Using the WC model trained on the dataset of each group, legume coverage on images of the OG-WC and OG-RC fields was predicted. The MBEs and MAEs for the prediction are shown in Figure 9. The coverage of the WC of OG-WC 1 and 2, taken on fields with a different grass species (OG), was predicted with MAEs lower than 10 by “WC-group 2,” “WC-group 3,” and “WC-group 4,” though the MAEs increased by several points from those shown in Figure 5. When coverage of a different legume species (RC) was predicted by the WC-models, RC coverage of OG-RC 1 and 2 was predicted with relatively high MAEs and negative MBEs, that is, the models tended to under-estimate. In contrast, the RC coverage of OG-RC 3 and 4 was predicted with lower MAEs. Both the OG-RC 3 and OG-RC 4 differed from OG-RC 1 and 2 in season and year of the images being taken (Table 3). The difference between OG-RC 2 and OG-RC 4 in original images, prediction results by “WC-group 3,” and details of the prediction are shown in Figure 10.
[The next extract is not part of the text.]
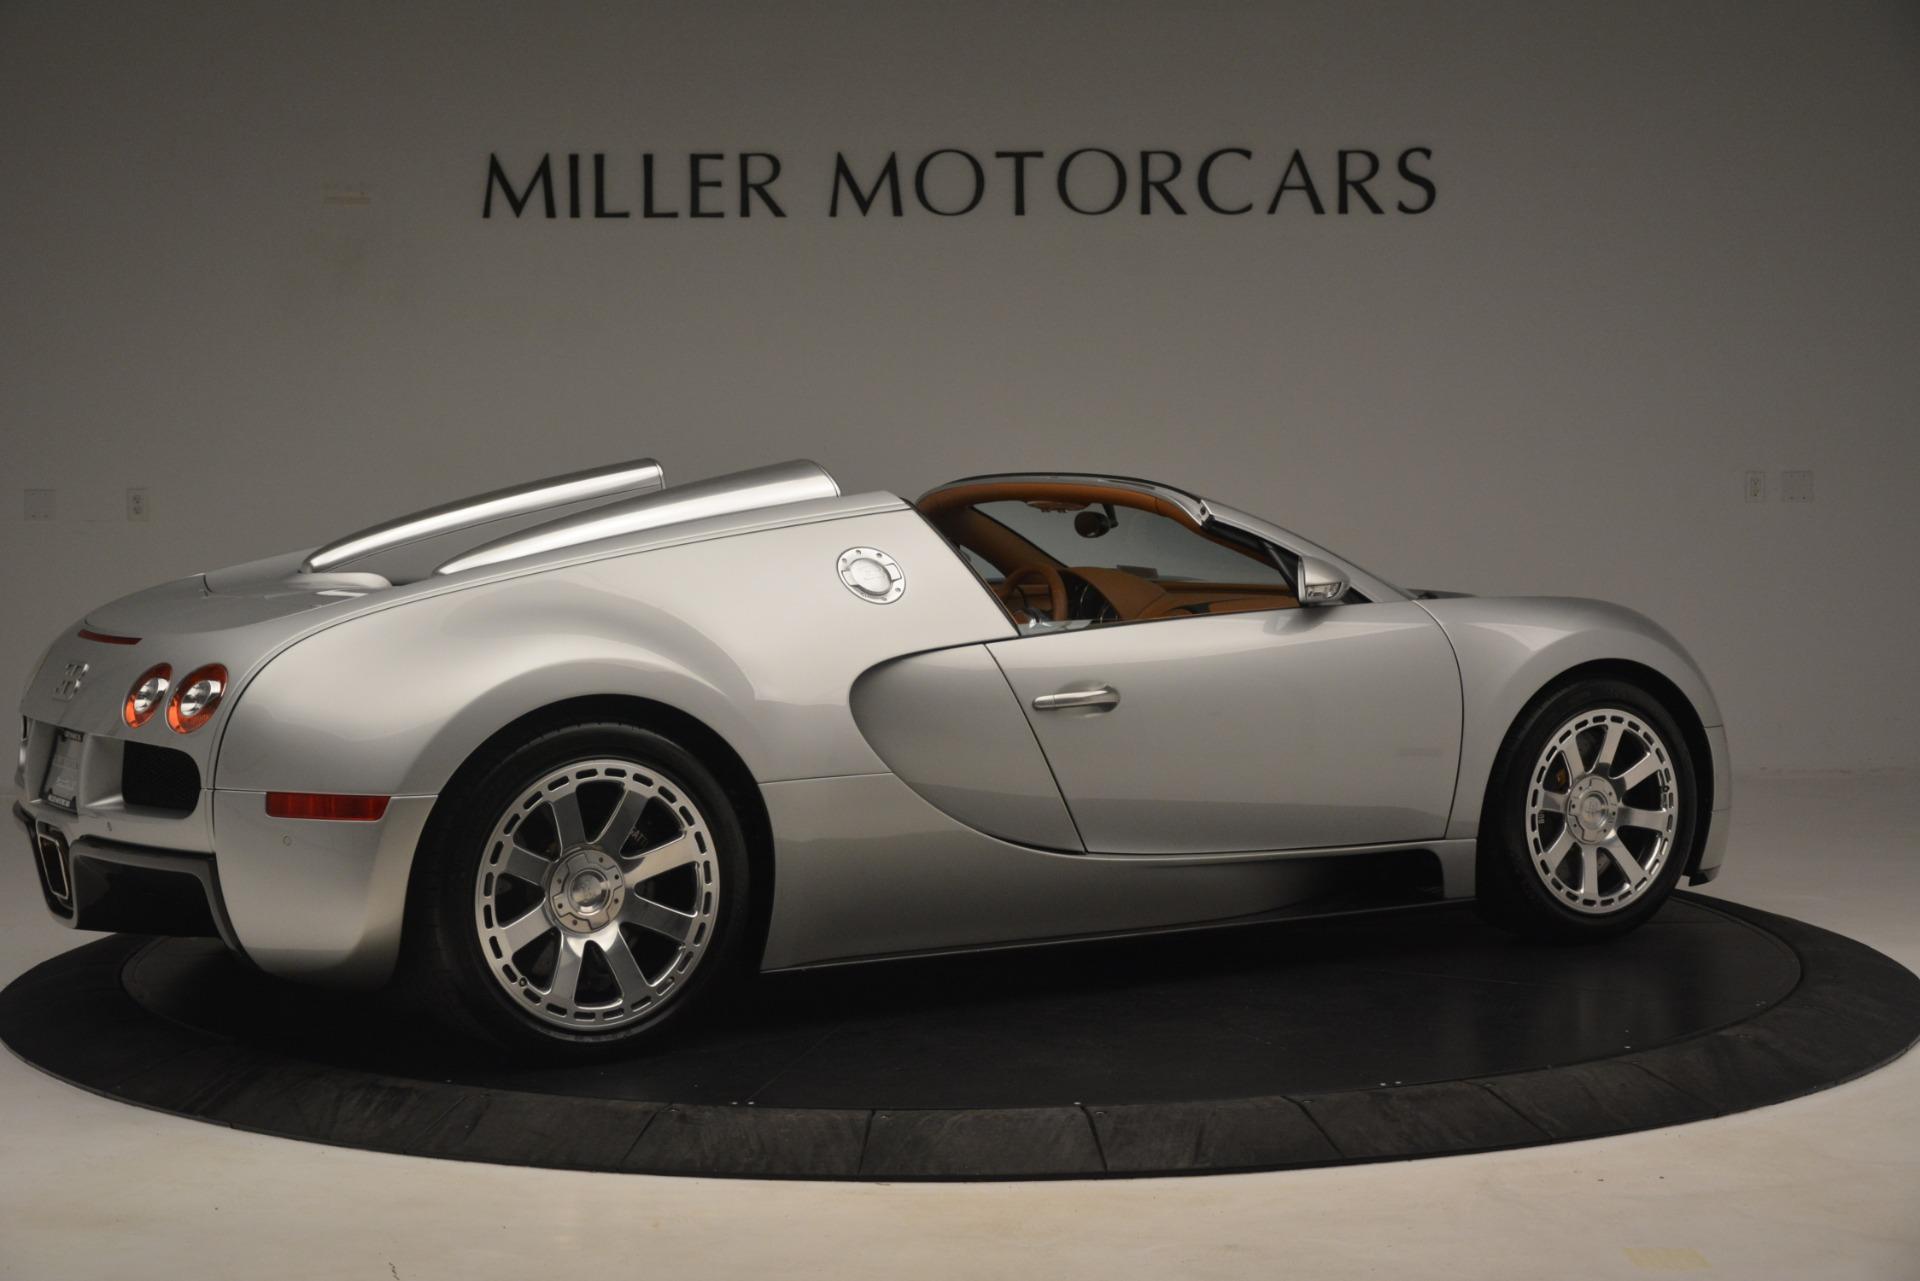 Used 2010 Bugatti Veyron 16.4 Grand Sport For Sale In Greenwich, CT 3159_p9
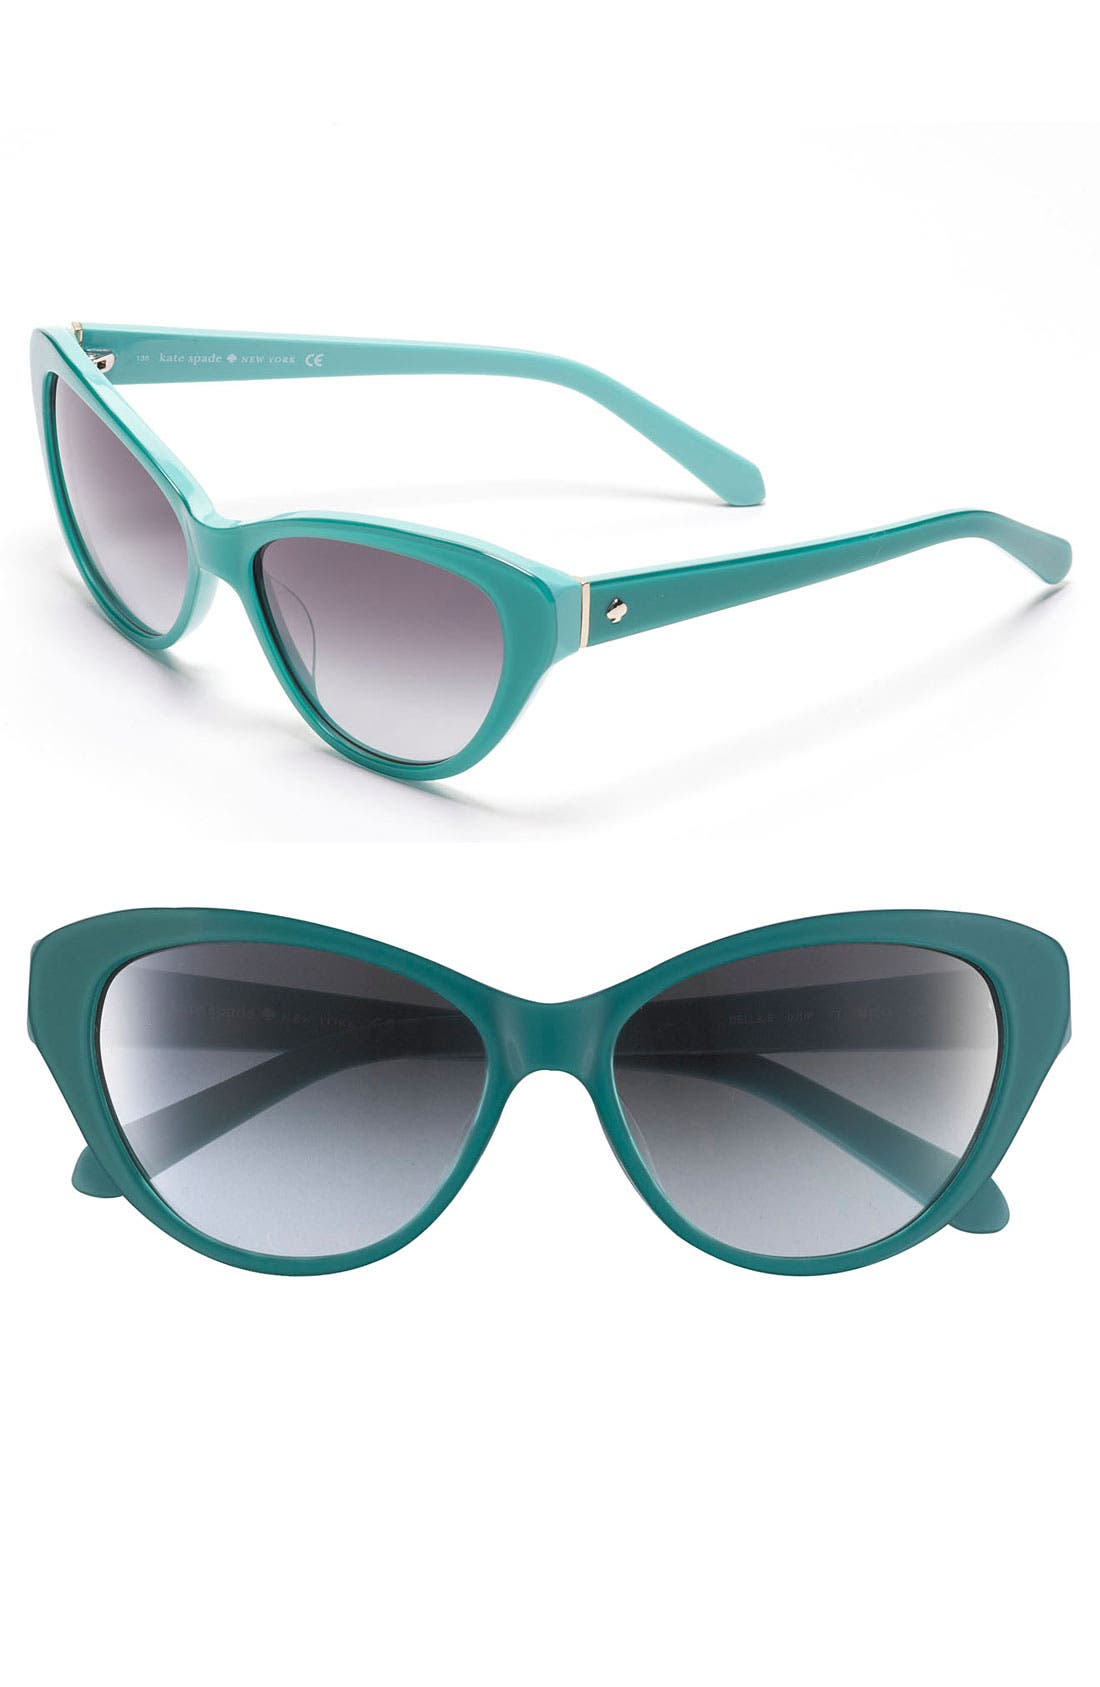 Alternate Image 1 Selected - kate spade new york 'della' 55mm sunglasses

Figure 9. The MBEs and the MAEs for predicting legume coverage of different images by grass or legume species to those used in training.
Figure 10. The original plot images and the prediction results of OG-RC 2 and OG-RC 4. “Prediction result” is the result map of the legume (RC) coverage prediction by “WC-group 3” illustrated in grayscale (when a sheet is close to white, the predicted class value is high). “Detail” is an enlarged view of the original image on which the prediction result map overlapped (the opacity of the result map is adjusted in overlapping).
Discussion
The generalization of the CNN model is a major problem. The “WC-group 3” model used in this study was trained on the images of plot 2-3, a plot with high WC coverage, and other plots with a low coverage (Table 4). Consequently, the MAEs for predicting both high and low-coverage plots were suppressed (Figure 5), and the MMAE of the model was low (Figure 6). This model is likely to succeed in generalization. It is suggested that a wide distribution of coverage rate in training datasets leads to high accuracy of predicting different types of plots. However, “WC-group 1,” trained on datasets including that from a high-coverage plot, plot 1-1, predicted other high-coverage plots with high MAEs. The reason of this may be the deficiency in fitting the model to the training datasets because this model also predicted plot 1-1, used in training the model, with a high MAE. A wide distribution of the coverage in training datasets, and a thorough training to fit the model to the datasets could be needed.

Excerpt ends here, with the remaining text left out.